The HLC format log has been published to the CloudWatch log stream.

Next, I'll send three ND-JSON format log events.

$ curl -X POST \
  "https://logs.us-east-1.amazonaws.com/ingest/bulk" \
  -H "Authorization: Bearer <API_KEY_SECRET>" \
  -H "Content-Type: application/x-ndjson" \
  -H "x-aws-log-group: aws-test-log-group-cloudwatch-http-log-collector" \
  -H "x-aws-log-stream: aws-test-log-stream-cloudwatch-http-log-collector" \
  -d '{"timestamp": 1773822509381, "level": "INFO", "message": "ND-JSON test event 1"}
{"timestamp": 1773822510381, "level": "WARN", "message": "ND-JSON test event 2"}
{"timestamp": 1773822511381, "level": "ERROR", "message": "ND-JSON test event 3"}'

{}

Three ND-JSON format logs have been published to the CloudWatch log stream.

Summary

CloudWatch Logs now allows log ingestion via HTTP requests. Being able to ingest logs without agents can be extremely convenient depending on your requirements.
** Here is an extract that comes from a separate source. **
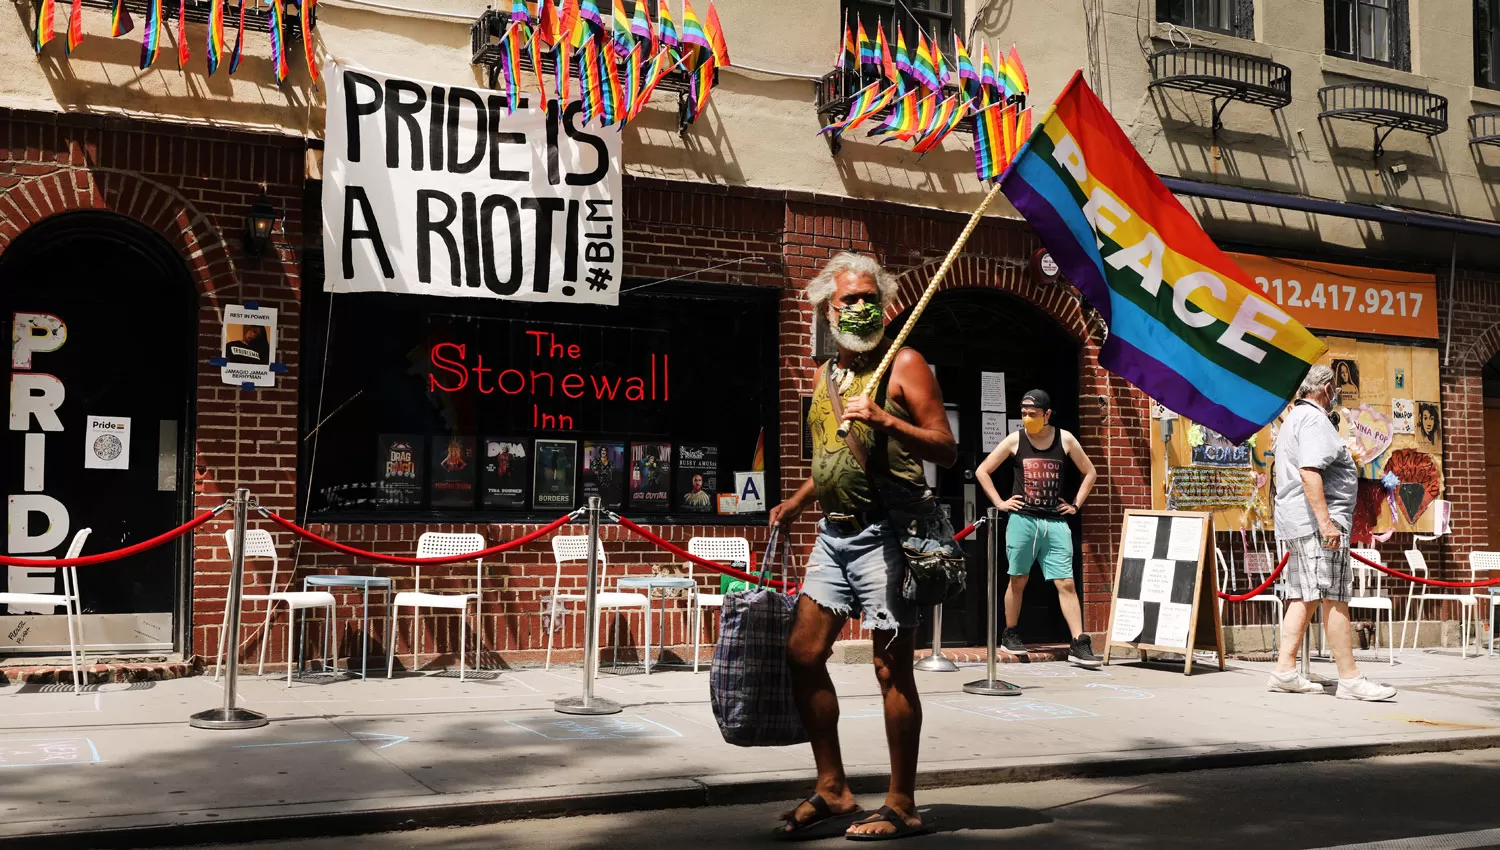 EL PRINCIPIO. En el pub Stonewall ocurrió la revuelta de 1969, un hito en la lucha por los derechos LGBT.
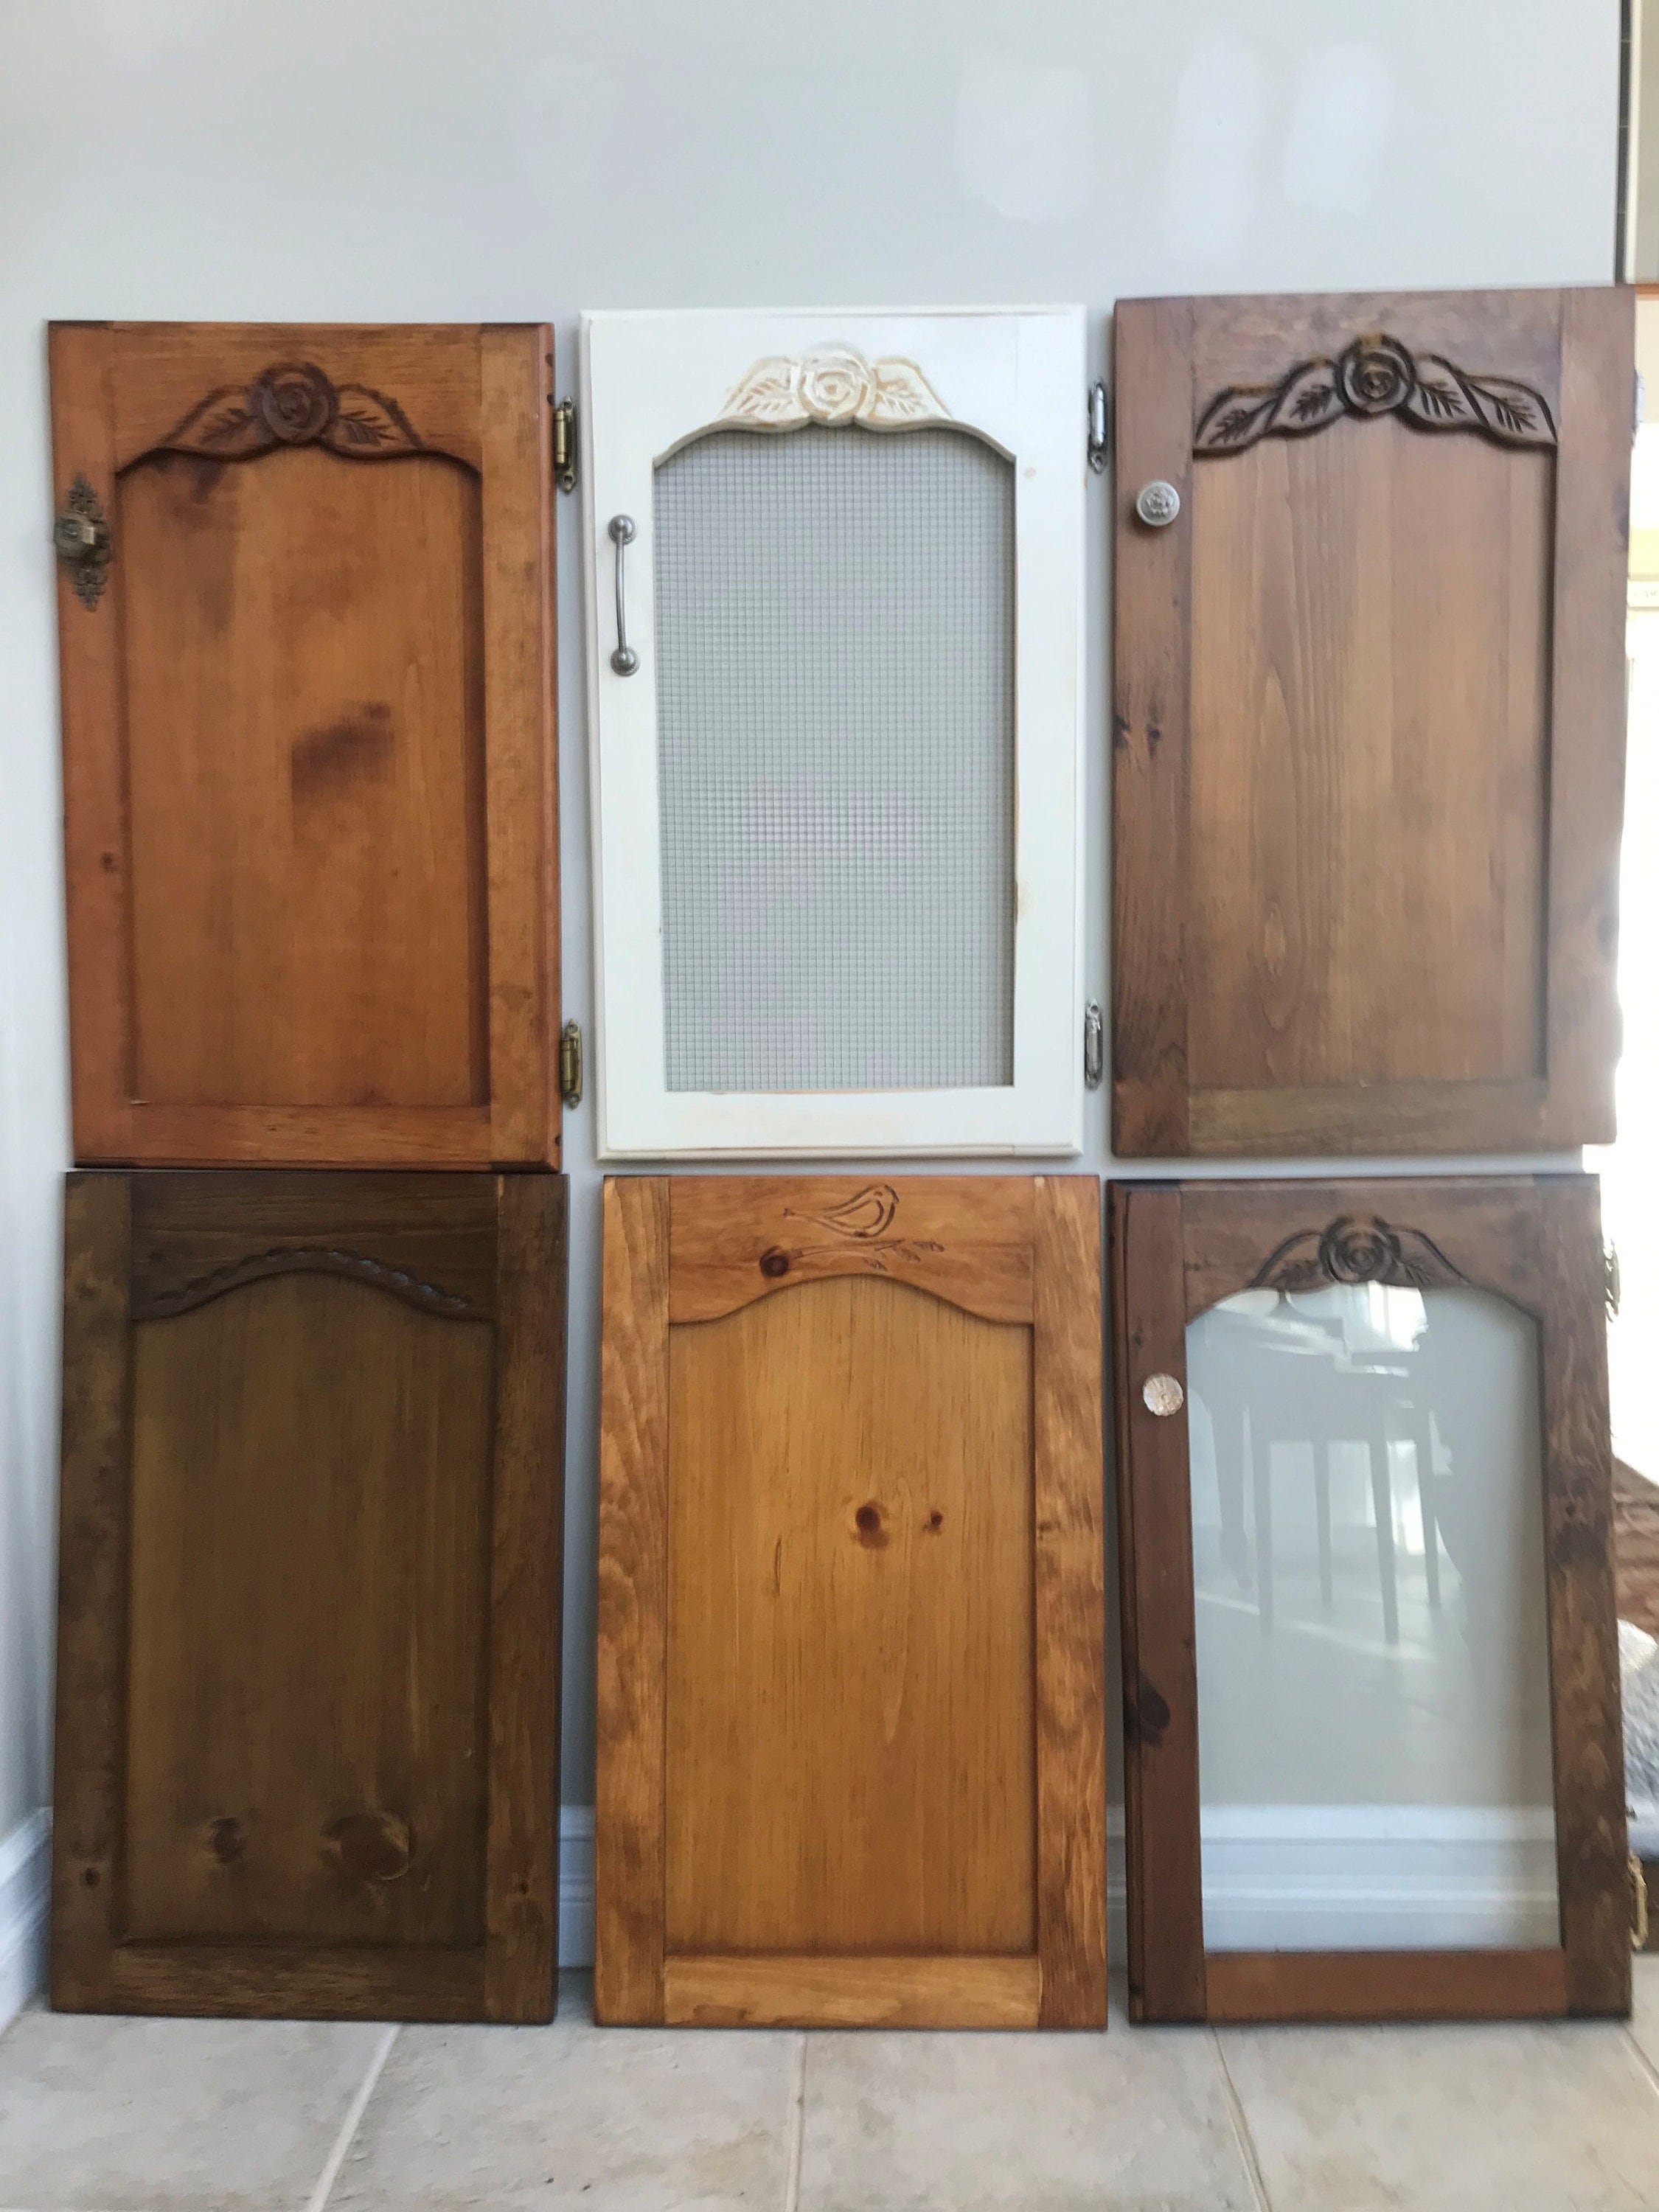 Replacement Cupboard Doors, Cabinet Doors, Kitchen or Bathroom Doors. Pine  Doors, Wood Doors, Replacement Doors, Woodcraft, Artisan Doors. -   Canada

I'd like to touch on choosing an authentication method. If you're in an environment where EC2 instance profiles, ECS task roles, or SSM hybrid activations are available, using SigV4 + AWS authentication with temporary credentials is the most secure approach.

On the other hand, for environments outside of AWS where SSM agents are difficult to implement, the only option until now was to issue IAM access keys. IAM access keys have no expiration date, which can increase the risk in case of leakage. The nice thing about these new API keys is that they have built-in expiration dates and their scope is limited to sending to CloudWatch Logs, making it easier to limit damage in case of leakage.

CloudWatch Logs ingestion fees can become unexpectedly high, so it's important to choose an authentication method that fits your requirements to avoid financial damage from leaked credentials leading to excessive log publication. That's it!